Search code examples
apache-sparkpysparkspark-streamingspark-streaming-kafka

Splitting Kafka Message Line by line in Spark Structured Streaming


I want to read a message from Kafka topic in my Spark Structured Streaming job into a data frame. but I am getting entire message in one offset so in data frame only this message is coming into one row instead of multiple rows. (in my case it is 3 rows)

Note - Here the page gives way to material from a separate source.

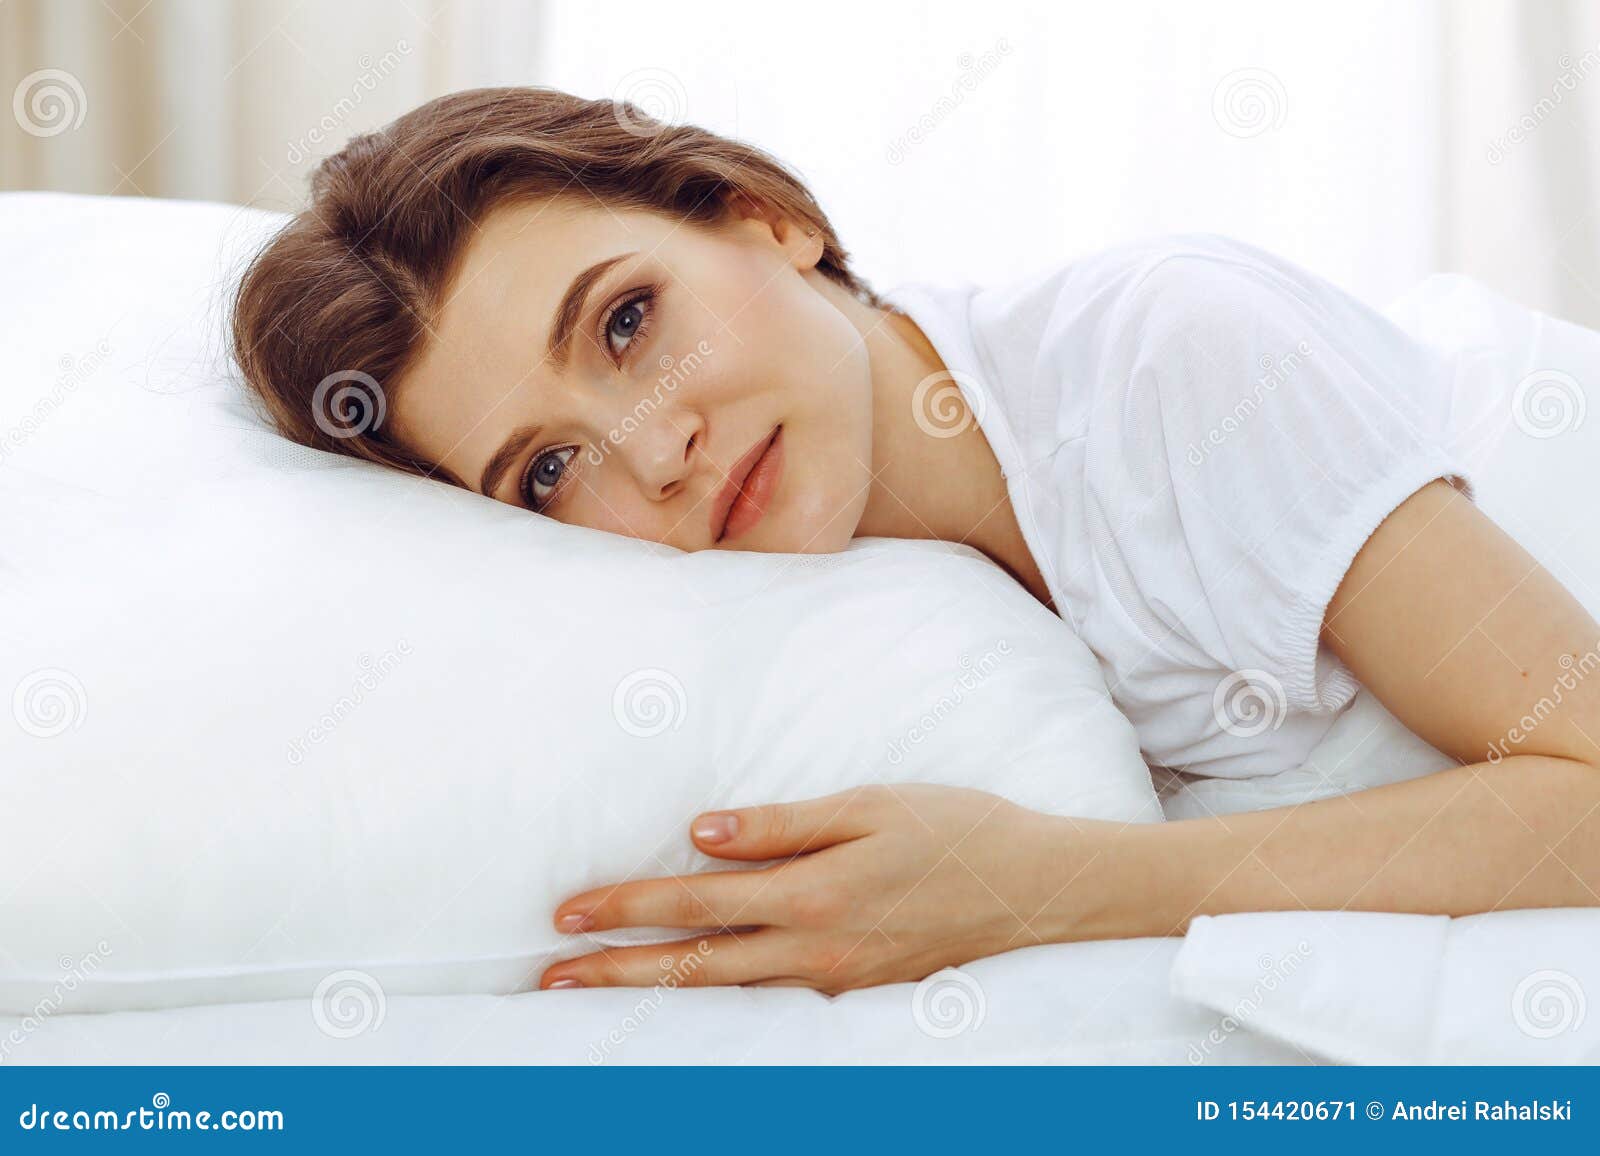 Beautiful Young Woman Sleeping While Lying In Her Bed

When I print this message I am getting below output:

enter image description here

The message "Text1", "Text2" and "Text3" I want in 3 rows in data frame so that I can process further.

Please help me.


Solution

  • you can use a user defined function (UDF) to convert the message string into a sequence of strings, and then apply the explode function on that column, to create a new row for each element in the sequence:

    As illustrated below (in scala, same principle applies to pyspark):

    case class KafkaMessage(offset: Long, message: String)
    
    import org.apache.spark.sql.functions.udf
    import org.apache.spark.sql.functions.explode
    
    val df = sc.parallelize(List(KafkaMessage(1000, "Text1\nText2\nText3"))).toDF()
    
    val splitString = udf { s: String => s.split('\n') }
    
    df.withColumn("splitMsg", explode(splitString($"message")))
      .select("offset", "splitMsg")
      .show()
    

    this will yield the following output:

    +------+--------+
    |offset|splitMsg|
    +------+--------+
    |  1000|   Text1|
    |  1000|   Text2|
    |  1000|   Text3|
    +------+--------+